- _YOUR TASK_
Go through the entries below and print, exactly, the lines starting at the one with "Rosemunde - Silk trousers - black - 1" and ending at the one with "Suzuki указатель поворота", keeping both ends and no others.

- _EXERCISE DATA_
= Beginning of Section =

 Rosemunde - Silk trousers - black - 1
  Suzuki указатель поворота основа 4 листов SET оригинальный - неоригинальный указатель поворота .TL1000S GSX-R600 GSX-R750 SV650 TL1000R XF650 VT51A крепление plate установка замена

= End of Section =
= Beginning of Section =

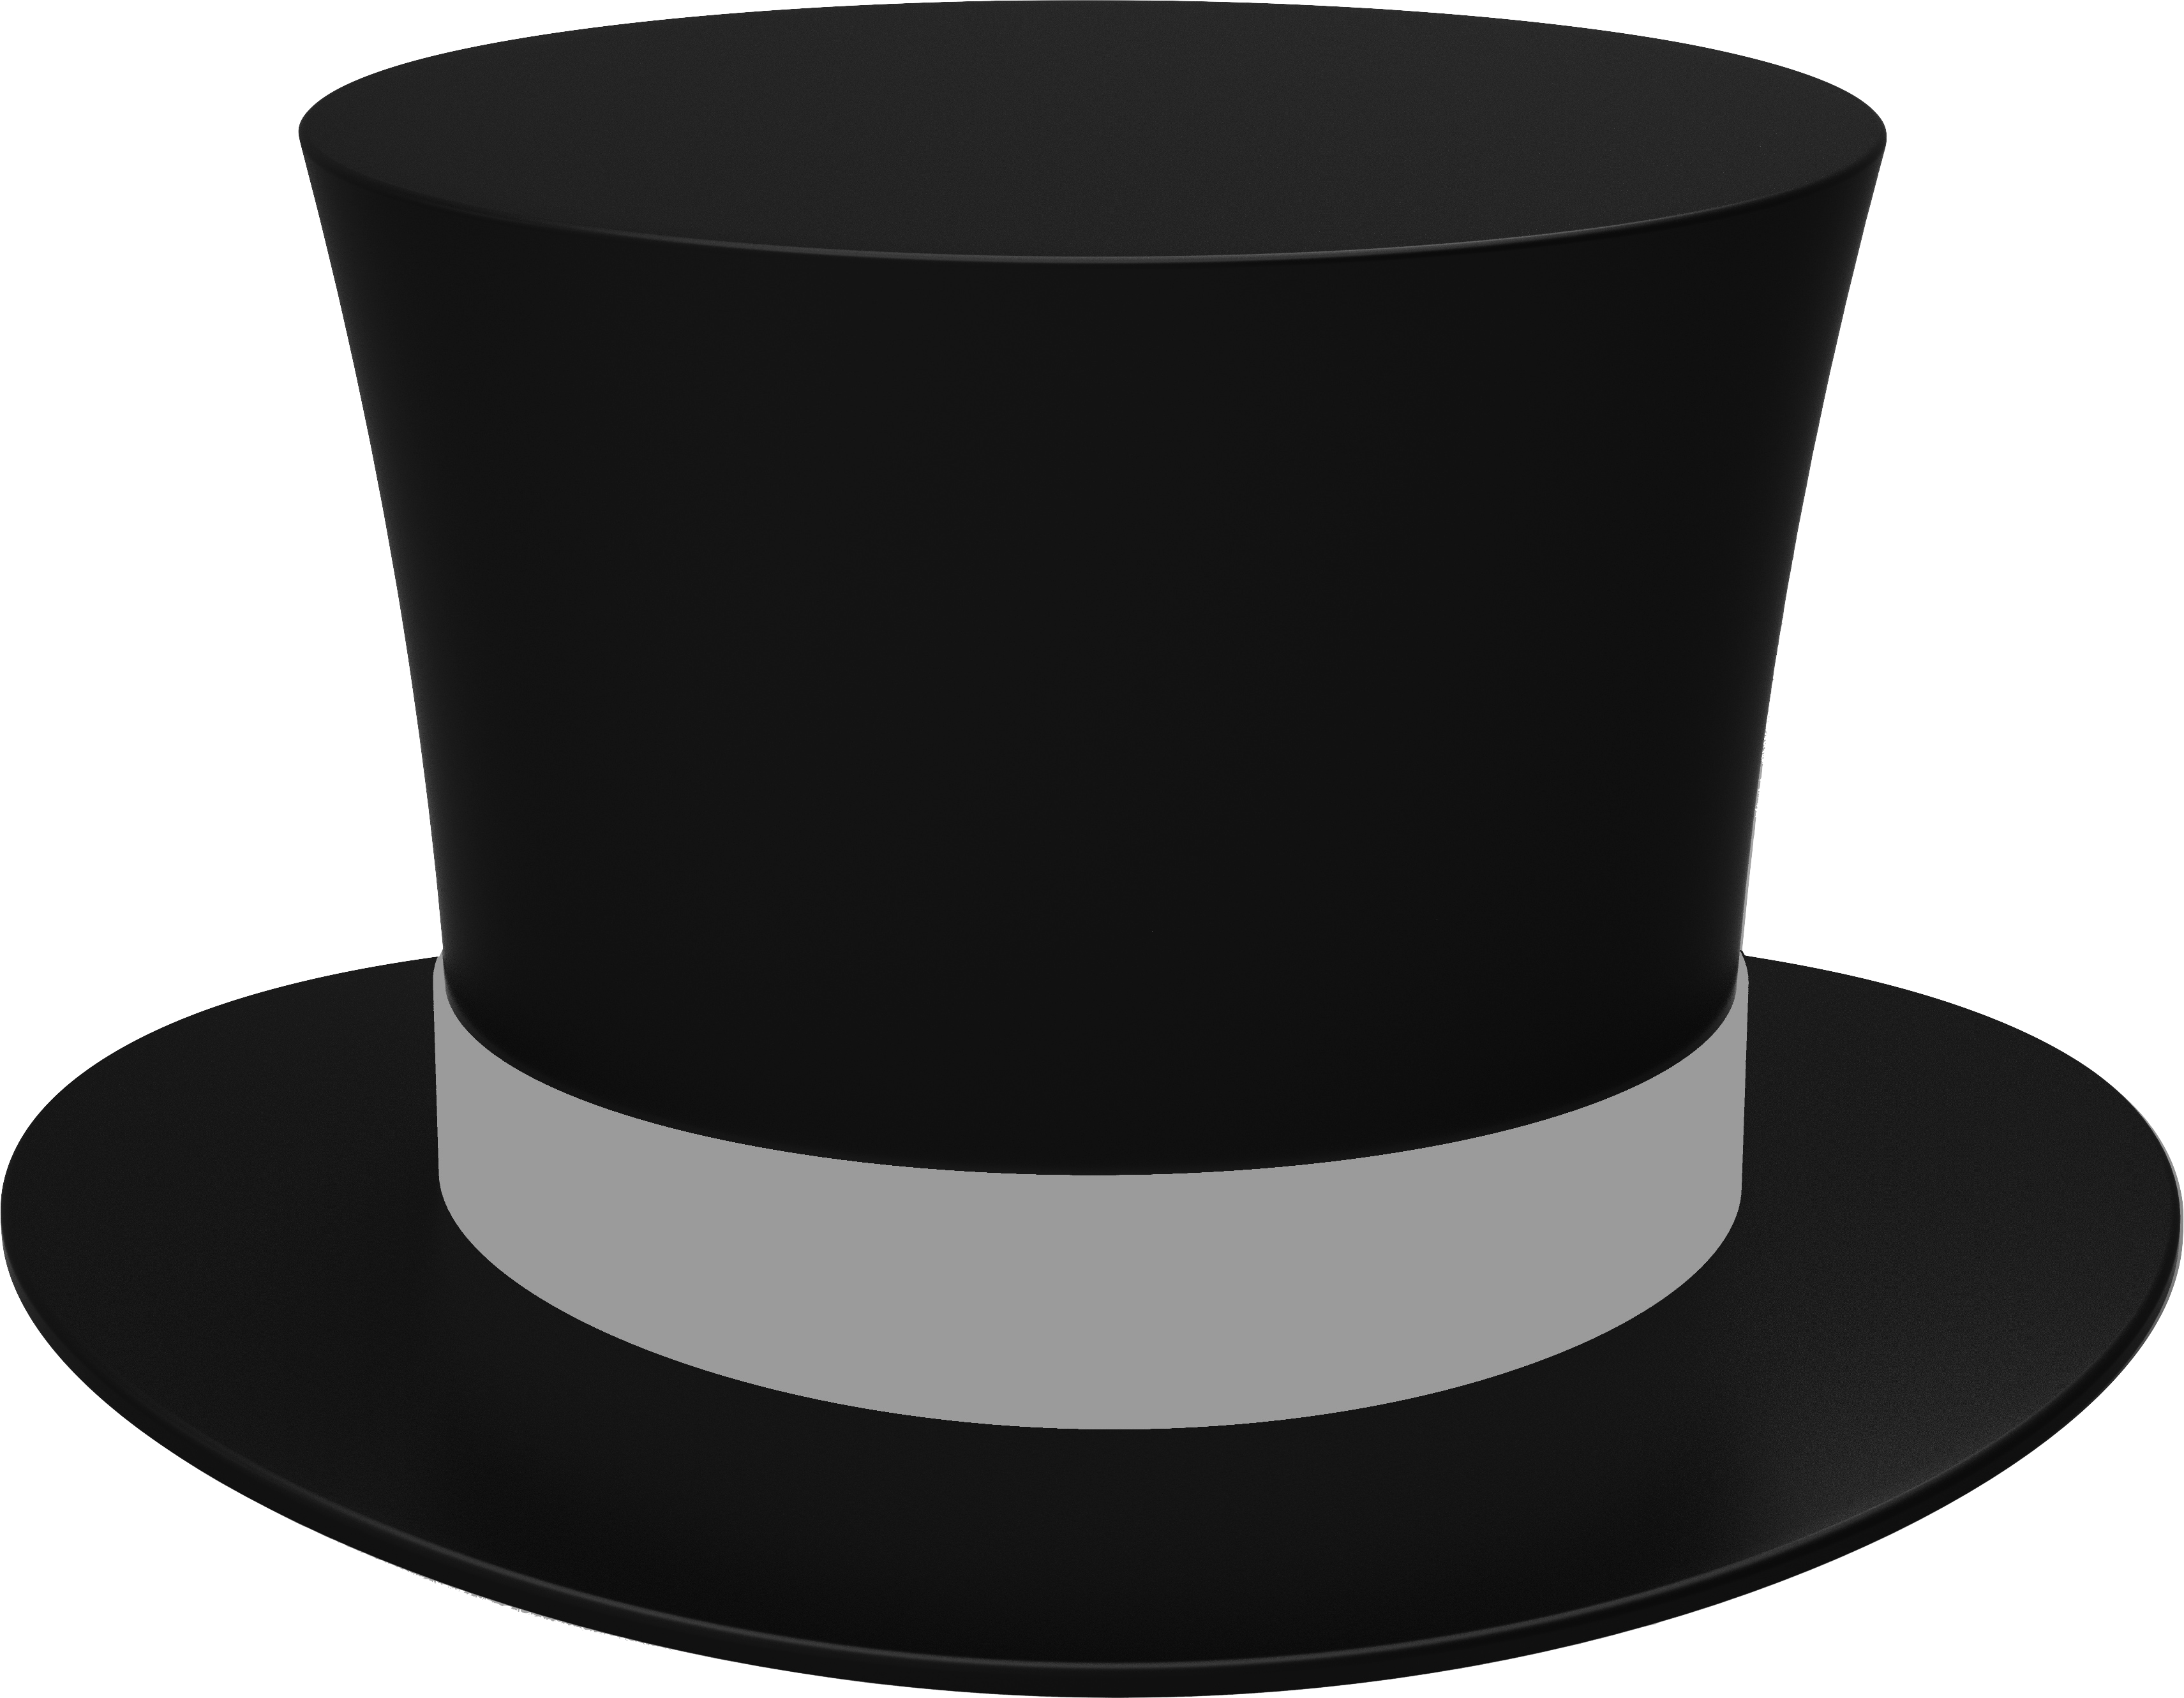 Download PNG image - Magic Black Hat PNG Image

= End of Section =
= Beginning of Section =

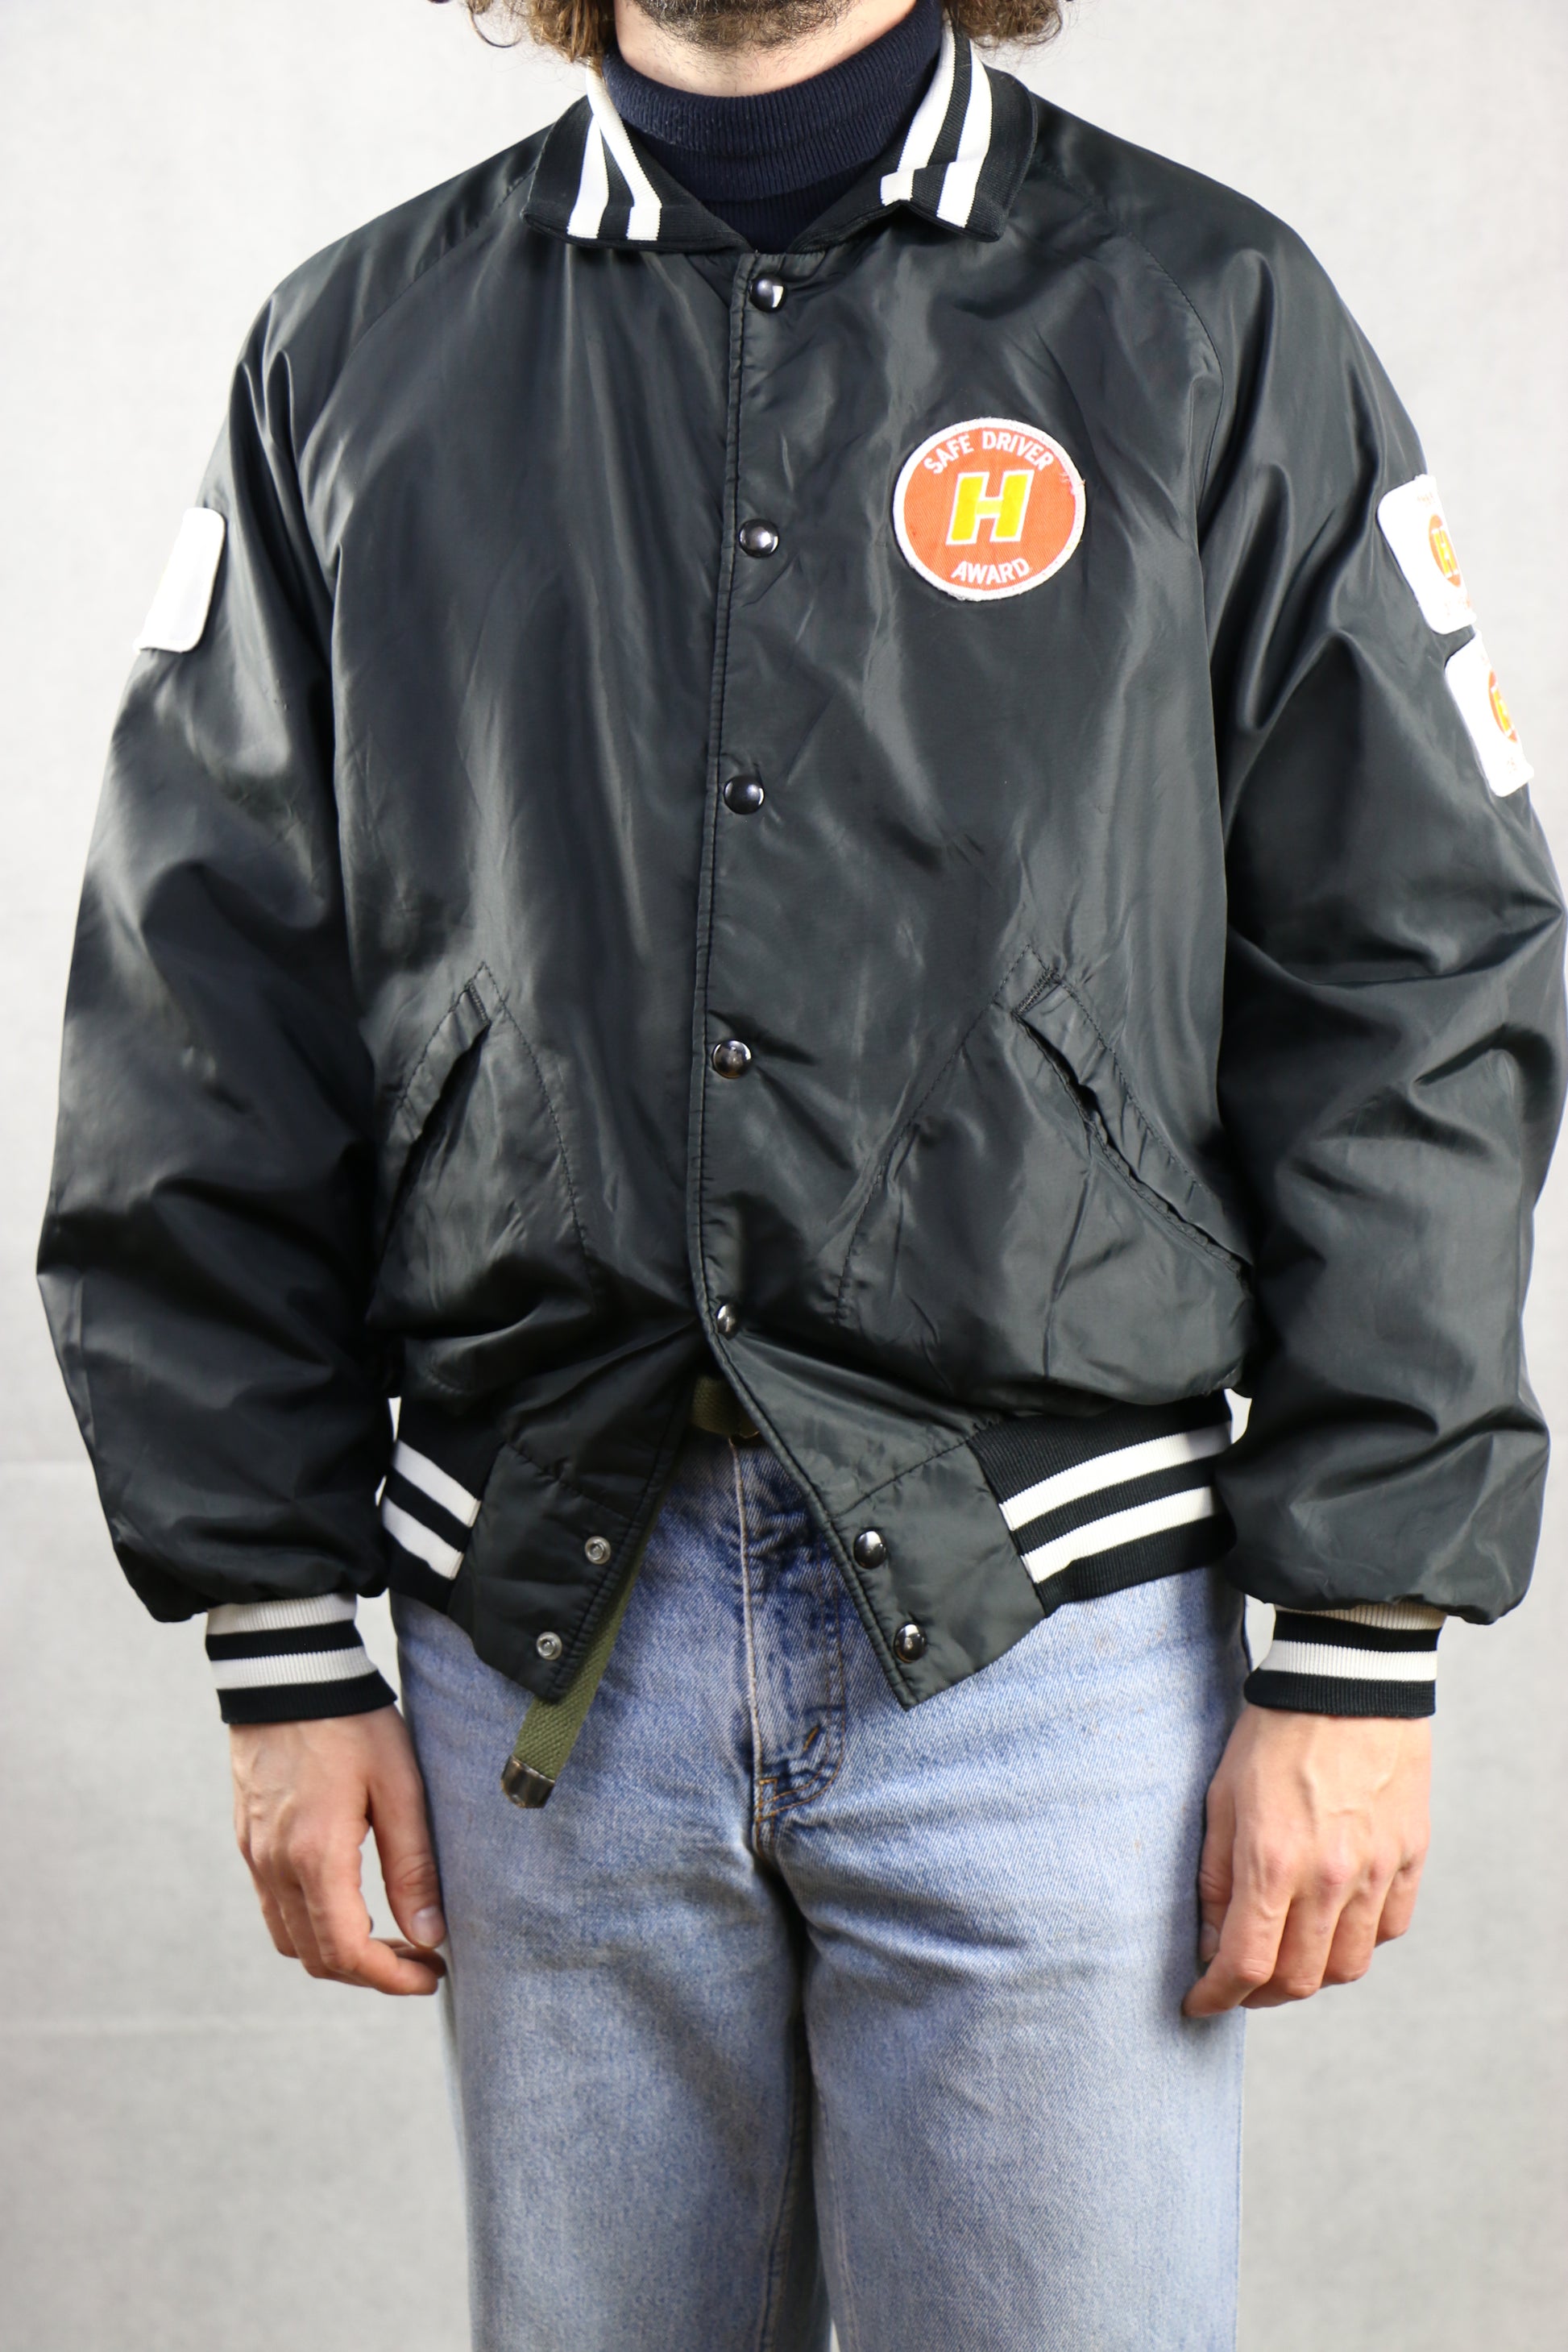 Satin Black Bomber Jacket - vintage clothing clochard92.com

= End of Section =

- _SOLVED EXERCISE_
 Rosemunde - Silk trousers - black - 1
  Suzuki указатель поворота основа 4 листов SET оригинальный - неоригинальный указатель поворота .TL1000S GSX-R600 GSX-R750 SV650 TL1000R XF650 VT51A крепление plate установка замена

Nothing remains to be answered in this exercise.